1 – Storybricks, the storytelling online RPG – May 2012
I am still unclear as to what I was actually getting in exchange for backing this project. They were working on a development tool, which doesn’t translate well for end users. Believe me, I know that pain. I have been working on development tools for the last 17 years. But Brian Green was part of the project, so I kicked in before the campaign ended. Eventually Storybricks got in bed with SOE for the whole EverQuest Next project, then the buyout happened, Daybreak ended their contract, and they folded up shop… dropping a final bit of crazy on us on the way out the door.
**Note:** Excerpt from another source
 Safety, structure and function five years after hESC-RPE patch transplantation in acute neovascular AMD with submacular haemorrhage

I am not at all sure what the trajectory would have been had this campaign succeeded.
2 – Project: Gorgon – An Indie MMORPG by Industry Veterans – October 2012
The first Project: Gorgon campaign. Eric Heimburg wanted $55K, but barely got past the $14K mark. Too obscure to get the backing it needed, the project soldiered on without it.
3 – Tinker Dice from Project Khopesh – June 2013
Tesh makes some dice. While this first campaign did not fund, he later went on to have success in subsequent campaigns.
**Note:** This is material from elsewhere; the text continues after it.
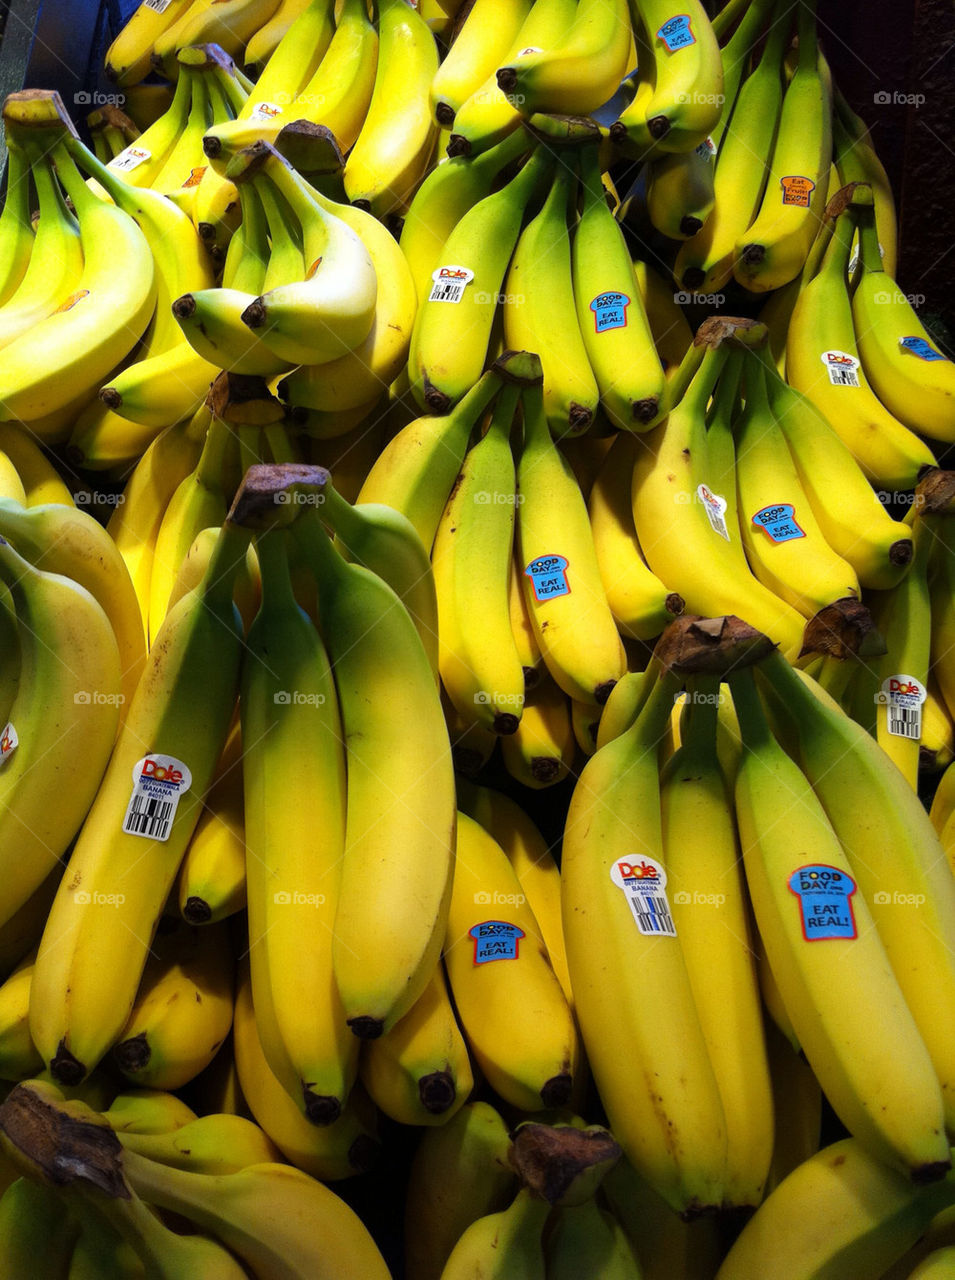 yellow bananas bunches by tplips01

4 – Pantheon: Rise of the Fallen – January 2014
Brad McQuaid decided he was going to get into the whole spiritual successor funding thing with a throw back to EverQuest. He asked for too much money… at least more than his name and reputation could draw… and spread his focus too wide in my opinion. The project is theoretically still going, but post-campaign funding has been problematic at best.
5 – Project: Gorgon – A new approach to MMOs – August 2014
The second coming of the Project: Gorgon kickstarter campaign. By this point there was a solid, playable game to be supported. Asked for $100K, got just over $23K in pledges. Eric Heimburg just isn’t a name with much draw, and as has been discussed before, the project name itself isn’t doing him any favors. The project doesn’t even have a page on Wikipedia. Still, Project: Gorgon lives and you can go play it right now.
Summary
Overall, Kickstarter has worked out pretty well for me. I have managed so far to back only projects that have come to fruition. (I don’t count the failed campaigns.) I like to think that I have chosen wisely, picking only campaigns run by teams with a track record of success. But it is probably more likely that, in backing just a few projects, I managed to get lucky.
There was clearly a stretch of time where I was more enthusiastic on the whole Kickstarter thing. That has faded somewhat, and you will no doubt notice some omissions from the list, popular projects I opted to pass on. There is no Crowfall on my list, as an example.
The only project I have mild regrets about not backing is the Ogre Designer’s Edition campaign from Steve Jackson Games. I played Ogre and G.E.V. back when they came in a zip-loc bag, so there was a strong nostalgia factor present when the campaign launched. That said, I am not sure what I would do with the 29 pound box that resulted when the campaign raised nearly a million dollars when they only asked for $20K. I don’t have anybody to play table top games with and I have more than enough stuff around the house I do not use, so another huge box in a closet probably wasn’t necessary.
So that is my Kickstarter tale. I am still waiting on some projects to finish, and every single project I have backed has been late to one degree or another, but things have still turned out okay so far. How have you done with Kickstarter?